On Friday morning I found four sets of
chords for “Je suis venu te dire je m’en vais” (I just came by to tell you I'm
gonna leave" by Serge Gainsbourg. I picked the set that might be the
official ones in an actual chord but I still didn't agree with all of them.
Maybe it's different for guitar rather than piano but he just doesn't sound to
me like he's singing a G#minor at the beginning of the second line. I went with
a C7.
Now
that I’ve finished with school deadlines for a few weeks I felt I had the time
to go back to my floor cleaning project. I washed and brushed a six floorboard
wide section of my kitchen floor in front of the bookcase at the southwest
corner of the room. Since the last section I cleaned is covered up by the
bookcase, this is the first visible bit of progress I’ve made with the kitchen
floor.
It didn’t take me long and so I had time to ride down to Freshco before
lunch. They didn’t have much in the way of grapes and so I just bought three
bags of green ones. I got two half pints of raspberries, a jar of hot salsa and
Balderson extra old cheese was on sale for $5, so I got a hunk.
I
had a cold pork chop for lunch and some yogourt with honey.
I
got caught up on my journal.
In
the afternoon I did my exercises for the first time in a few days while
listening to Amos and Andy. This is the first show after the summer break of
1946. Andy has been working at a summer resort in the country where he's met a
rich woman whom he's asked to marry him. She says she’ll marry him as long as
they can live in the mountains that she loves. Andy buys a lot on the side of a
mountain that's ridiculously steep. Kingfish has a job with a real estate
company and he shows him the property. When they get there Andy says the lot is
too big. Suddenly there is the rumbling of an avalanche and after it dies down
Kingfish asks, “It ain't too big now is it?” There is a lot of humour around
the post war shortages of building materials and housewares. There is mention
of a law at that time against building but I can’t find any evidence of that.

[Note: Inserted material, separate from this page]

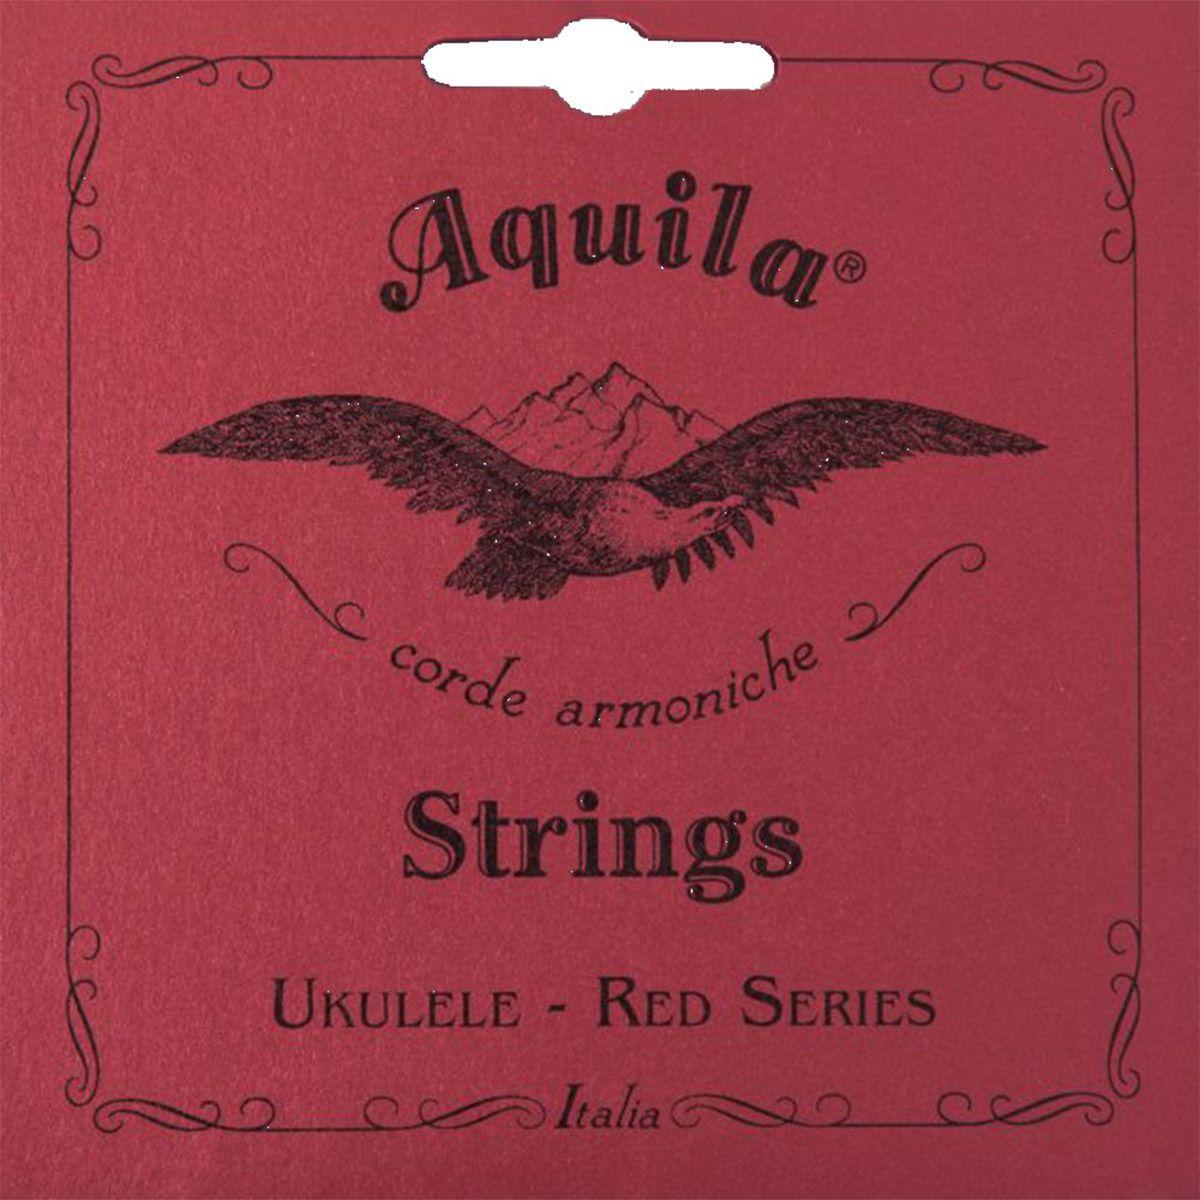 Encordoamento Aquila 83U Red Series High G Ukulele Soprano

In the end Andy finds that Louise has left Andy without any word. He says he’ll
get back at her by holding onto the property that he bought so she can’t get
it. Kingfish looks at her picture and tells Andy that she’s the one that owns the
whole mountain.
I
read chapters 3 and 4 of The Inconvenient Indian by Thomas King.
Chapter
3 was about how much North America loves and profits from dead Indians. Live
Indians are invisible except when they dress up as dead Indians and North
Americans find legal Indians just plain annoying.
Chapter
4 was about all of the many forced relocations of Indians that have taken place
in the history of the United States and Canada. It was also about how treaties
mean diddlysquat.
I
read about half of chapter four of Ways of Knowing by Yale Belanger. It covers
what chapter 4 of King’s book does but King does it with humour while still
giving the relevant information.
I
had a potato, a chicken leg and gravy for dinner while watching Wanted Dead or
Alive starring Steve McQueen. In this story Josh is escorting a prisoner to the
town of Bannach because in three days Josh’s friend is going to hang for that
prisoner's murder, which obviously didn't happen. Perry, the leader of a
freight coach carrying a load of dynamite reluctantly agrees to let Josh and
his prisoner ride with them. At first he and Josh are enemies and agree that
when they get to Bannach they will fight it out. Along the way a bridge is out
and Josh shows ingenuity in using some of the dynamite to blast a passage
across. This causes Perry to gain respect for Josh. At one point Josh’s
prisoner gets hold of dynamite and says he’s going to kill everybody if he
can’t be free. He lights a match but the coach boss knocks it out of his hand
with a whip. When they get to Bannach past the deadline it turns out that his
friend’s trial has been delayed because everyone has left town because of a
gold strike. Josh and Perry go for a drink and forget about their animosity.
I
read the rest of chapter four of Ways of Knowing. It does seem that progress
has been made in the treaty process, especially with the creation of Nunavut.